Looking at global statistics, the number of women in political leadership positions has increased within the last two decades. In 1997, the number of women members of parliament was 12 percent worldwide. In 2015, that number rose to 23 percent. The same year, Saudi Arabia saw the first-ever election of a woman to a local government position, showing progress in even the most conservative of countries. Yet, statistics only tell part of the story when examining women in leadership roles.
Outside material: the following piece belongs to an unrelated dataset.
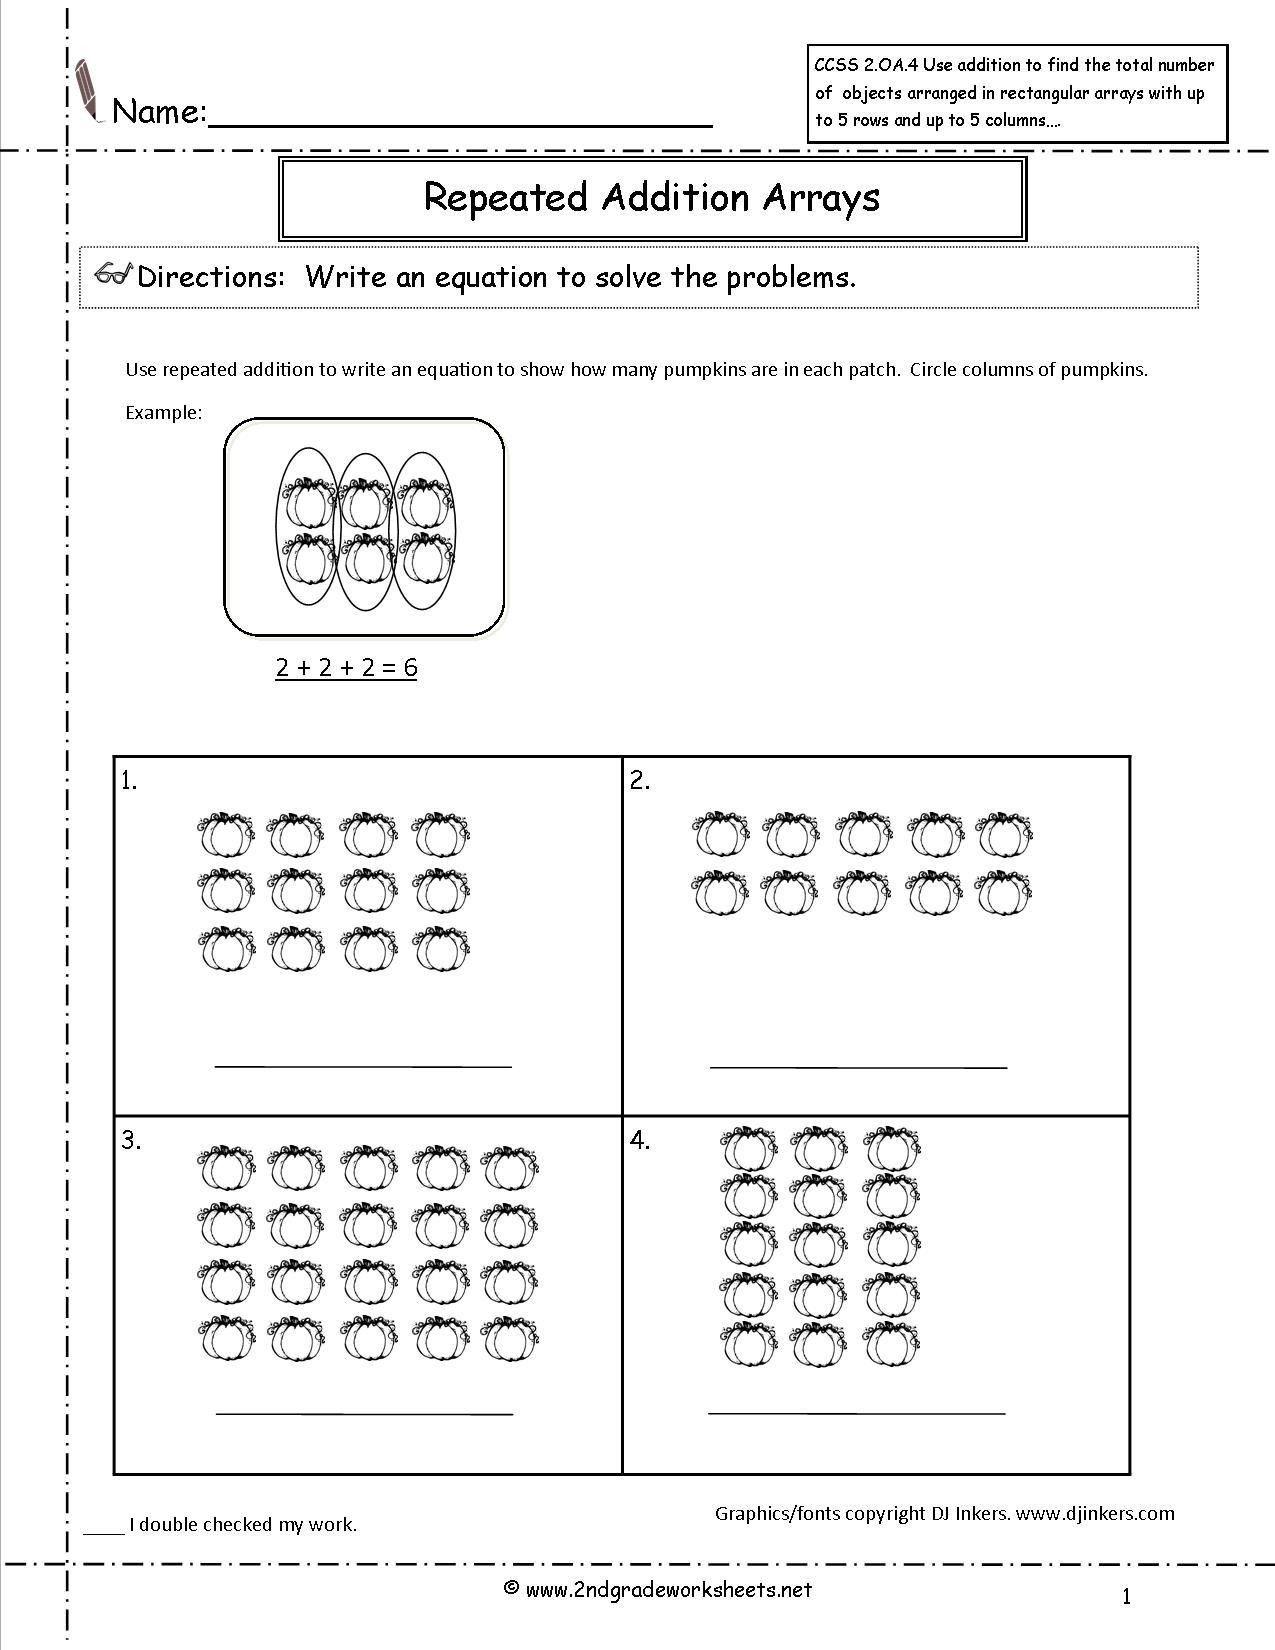 Division With Arrays Worksheet Pumpkins Repeated Addition Worksheet In 2020 Repeated Addition Worksheets Addition Worksheets Array Worksheets

Many of the female members of parliament are in lower or single houses, with numbers of women drastically lower in higher-up positions. In many countries, the executive branch dominates the parliament by law and in social norms and practices. Thus, does the increase in women participation truly give women influence and power? While global progress has been made over the last two decades, countless social and institutional barriers exist to women pursuing leadership positions. Not only is empowerment beneficial to individual women, but the engagement of marginalized populations also has the potential to contribute to a country’s overall growth and stability. Former U.S. President Barack Obama explains it best: “When women are able to work, families are healthier, communities are wealthier, and entire countries are more prosperous…If nations really want to succeed in today’s global economy, they can’t simply ignore the talents of half their people.”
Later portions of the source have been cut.